◆ **Exercise prompt**
The answer must reproduce the listing exactly, with every picture left out.

◆ **Recorded data**
• • • • • • •

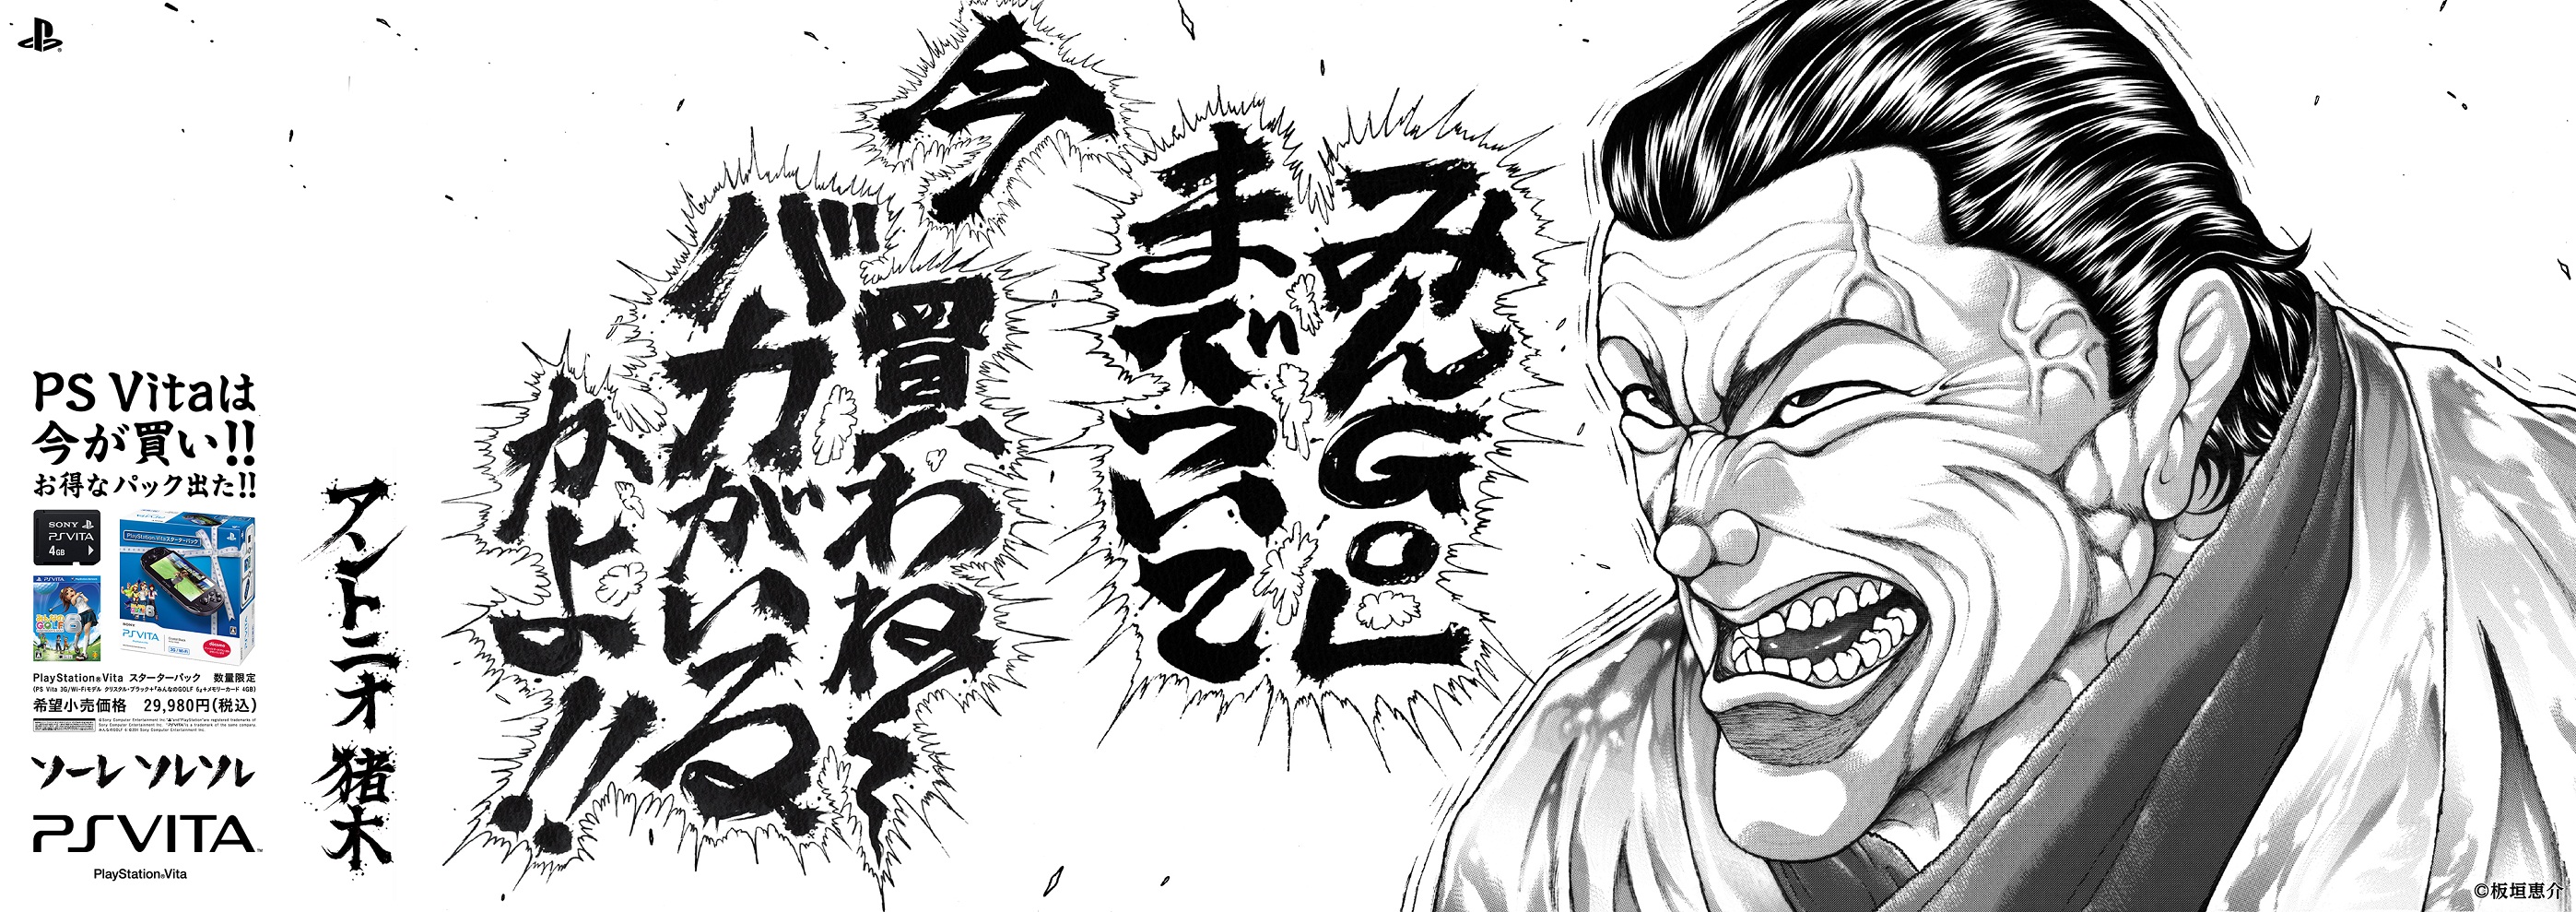 猪木vs橋本 伝説の名シーンをコミカライズ 人気格闘漫画家 板垣恵介
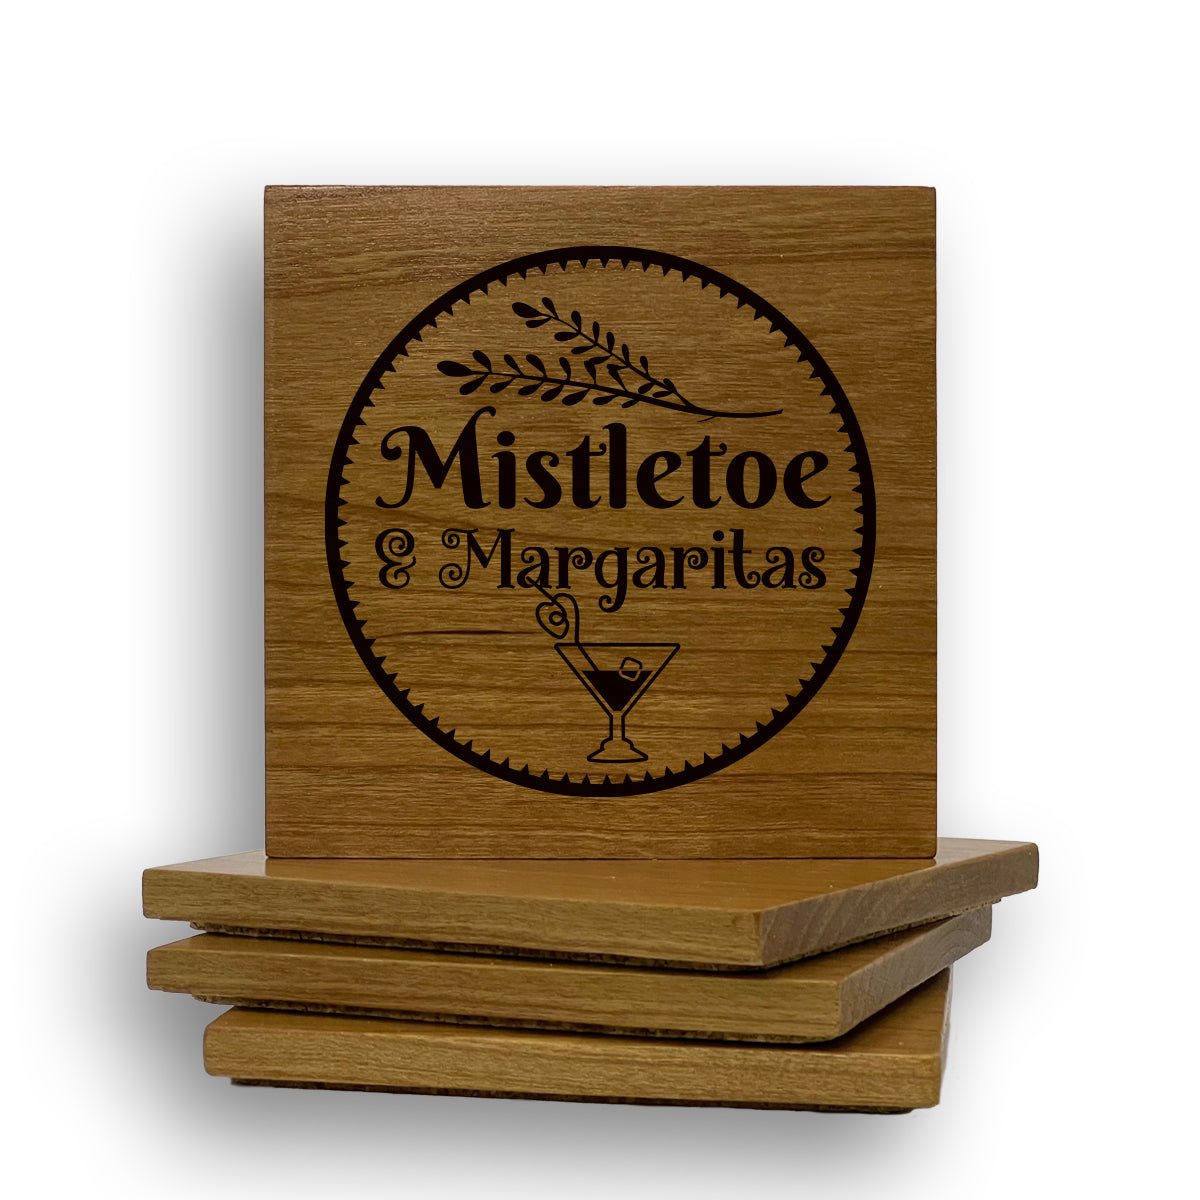 Mistletoe And Margaritas Coaster
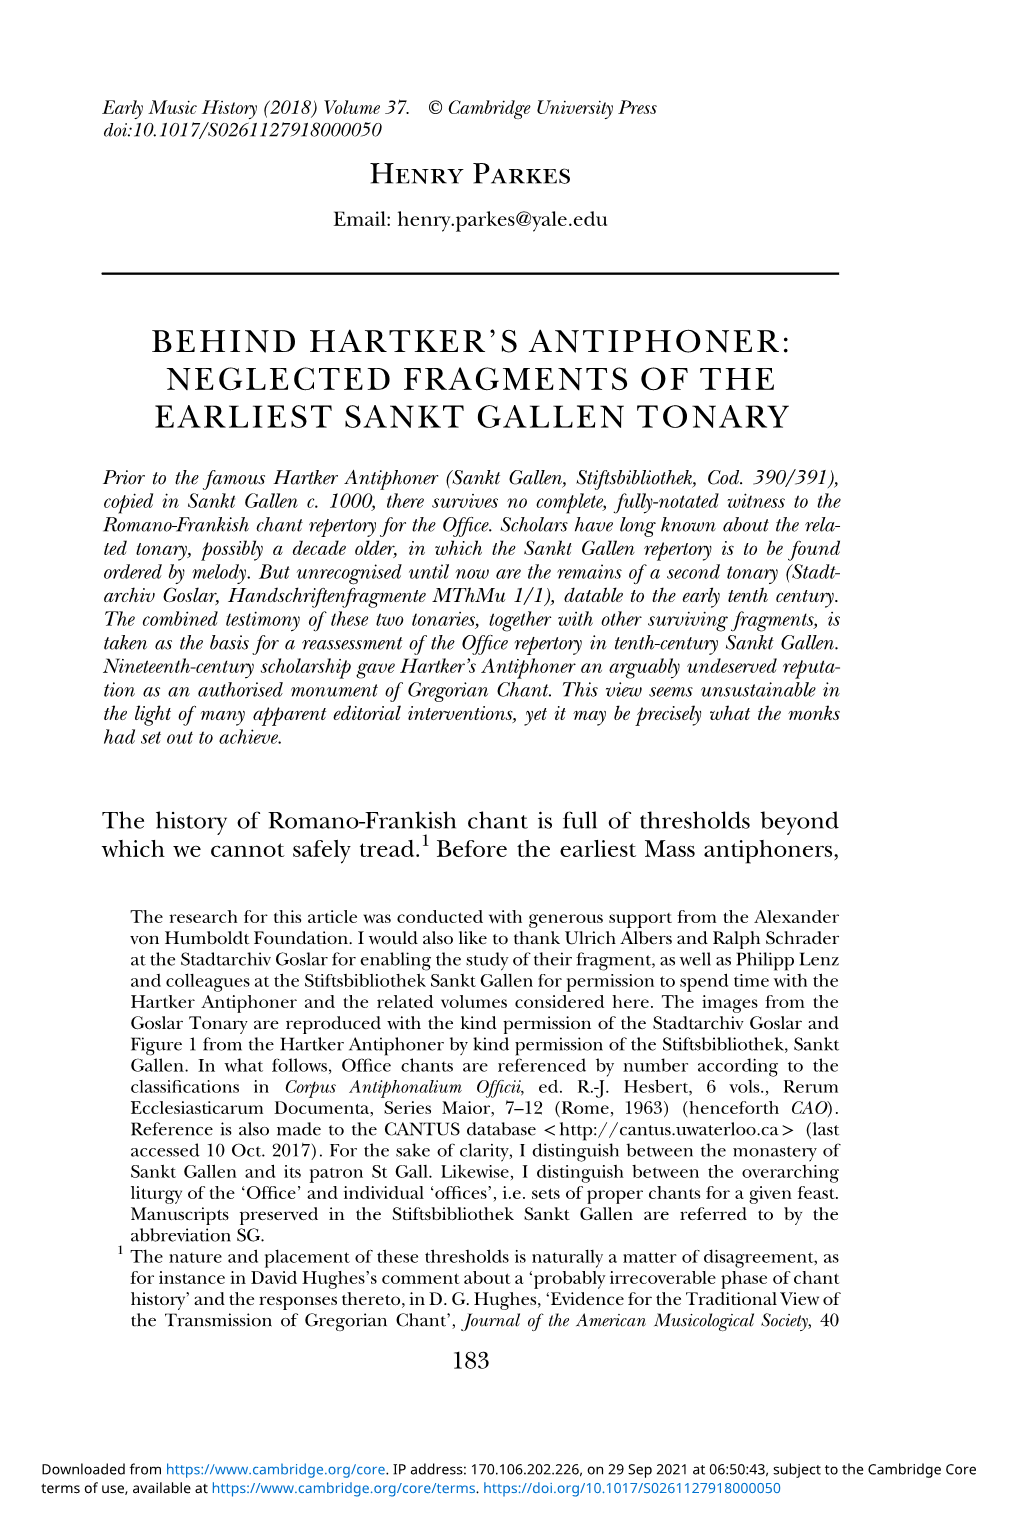 Behind Hartker's Antiphoner: Neglected Fragments of the Earliest Sankt Gallen Tonary

• • • • • • •

◆ **Result**
 猪木vs橋本 伝説の名シーンをコミカライズ 人気格闘漫画家 板垣恵介
 Mistletoe And Margaritas Coaster
 Behind Hartker's Antiphoner: Neglected Fragments of the Earliest Sankt Gallen Tonary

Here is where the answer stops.